Re: [PATCH v2 02/13] sched/fair: Consistent use of prev_cpu in wakeup path

From: Morten Rasmussen
Date: Thu Jun 23 2016 - 05:55:11 EST


On Wed, Jun 22, 2016 at 02:04:11PM -0400, Rik van Riel wrote:
> On Wed, 2016-06-22 at 18:03 +0100, Morten Rasmussen wrote:
> > In commit ac66f5477239 ("sched/numa: Introduce migrate_swap()")
> > select_task_rq() got a 'cpu' argument to enable overriding of
> > prev_cpu
> > in special cases (NUMA task swapping). However, the
> > select_task_rq_fair() helper functions: wake_affine() and
> > select_idle_sibling(), still use task_cpu(p) directly to work out
> > prev_cpu which leads to inconsistencies.
> >
> > This patch passes prev_cpu (potentially overridden by NUMA code) into
> > the helper functions to ensure prev_cpu is indeed the same cpu
> > everywhere in the wakeup path.
> >
> > cc: Ingo Molnar <mingo@xxxxxxxxxx>
> > cc: Peter Zijlstra <peterz@xxxxxxxxxxxxx>
> > cc: Rik van Riel <riel@xxxxxxxxxx>
> >
> > Signed-off-by: Morten Rasmussen <morten.rasmussen@xxxxxxx>
> > ---
> >  kernel/sched/fair.c | 24 +++++++++++++-----------
> >  1 file changed, 13 insertions(+), 11 deletions(-)
> >
> > diff --git a/kernel/sched/fair.c b/kernel/sched/fair.c
> > index c6dd8bab010c..eec8e29104f9 100644
> > --- a/kernel/sched/fair.c
> > +++ b/kernel/sched/fair.c
> > @@ -656,7 +656,7 @@ static u64 sched_vslice(struct cfs_rq *cfs_rq,
> > struct sched_entity *se)
> >  }
> >  
> >  #ifdef CONFIG_SMP
> > -static int select_idle_sibling(struct task_struct *p, int cpu);
> > +static int select_idle_sibling(struct task_struct *p, int prev_cpu,
> > int cpu);
> >  static unsigned long task_h_load(struct task_struct *p);
> >  
> >  /*
> > @@ -1483,7 +1483,8 @@ static void task_numa_compare(struct
> > task_numa_env *env,
> >    * Call select_idle_sibling to maybe find a better one.
> >    */
> >   if (!cur)
> > - env->dst_cpu = select_idle_sibling(env->p, env-
> > >dst_cpu);
> > + env->dst_cpu = select_idle_sibling(env->p, env-
> > >src_cpu,
> > +    env->dst_cpu);
>
> It is worth remembering that "prev" will only
> ever be returned by select_idle_sibling() if
> it is part of the same NUMA node as target.
>
> That means this patch does not change behaviour
> of the NUMA balancing code, since that always
> migrates between nodes.
>
> Now lets look at try_to_wake_up(). It will pass
> p->wake_cpu as the argument for "prev_cpu", which
> again appears to be the same CPU number as that used
> by the current code.

IIUC, p->wake_cpu != task_cpu(p) if task_numa_migrate() decided to call
migrate_swap() on the task while it was sleeping intending it to swap
places with a task on a different NUMA node when it wakes up. Using
p->wake_cpu in select_idle_sibling() as "prev_cpu" when called through
try_to_wake_up()->select_task_rq() should only make a difference if the
target cpu happens to share cache with it and it is idle.

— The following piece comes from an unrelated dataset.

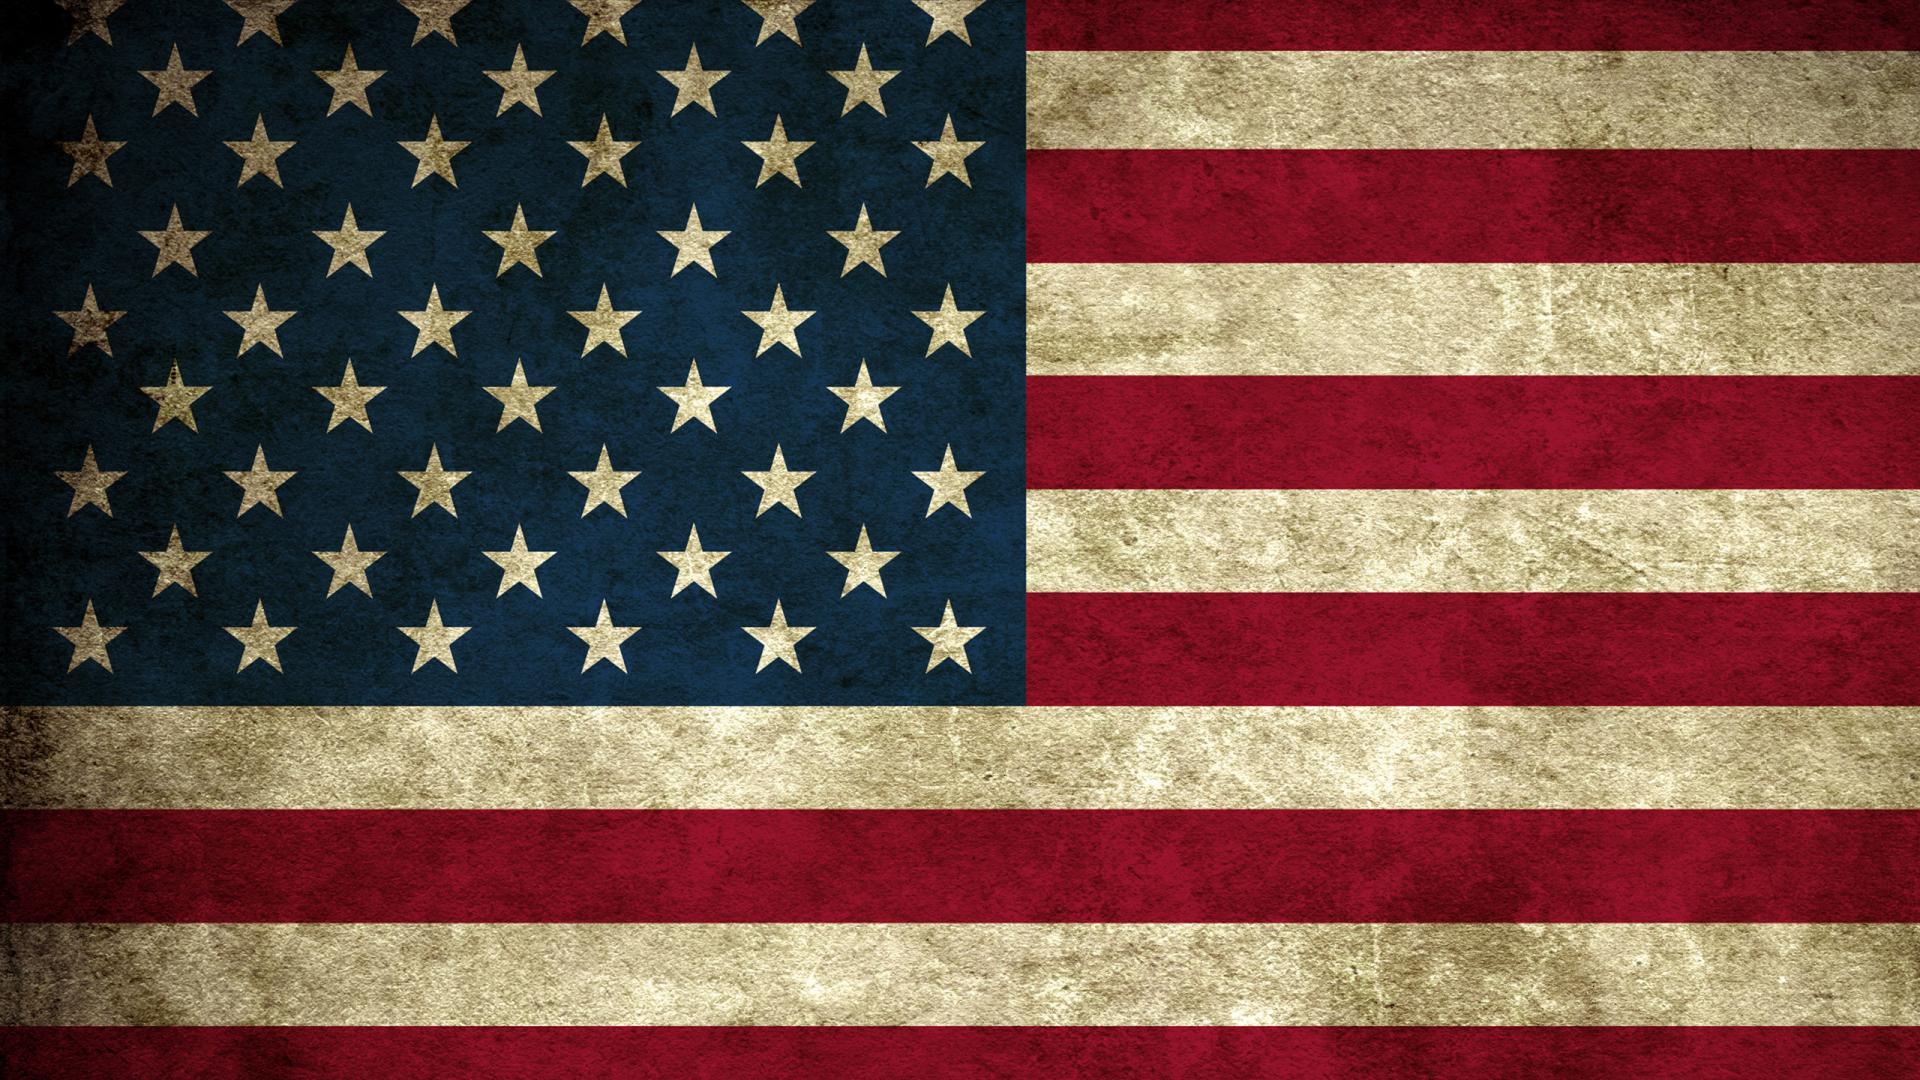 American Flag 1920x1080

if (prev != target && cpus_share_cache(prev, target) && idle_cpu(prev))
return prev;

The selection of the target cpu for select_idle_sibling() is also
slightly affected as wake_affine() currently compares task_cpu(p) and
smp_processor_id(), and then picks p->wake_cpu or smp_processor_id()
depending on the outcome. With this patch wake_affine() uses
p->wake_cpu instead of task_cpu(p) so we actually compare the candidates
we choose between.

I think that would lead to some minor changes in behaviour in a few
corner cases, but I mainly wrote the patch as I thought it was very
confusing that we could have different "prev_cpu"s in different parts of
the select_task_rq_fair() code path.

>
> I have no objection to your patch, but must be
> overlooking something, since I cannot find a change
> in behaviour that your patch would create.

Thanks for confirming that it shouldn't change anything for NUMA load
balancing. That is what I hope for :-)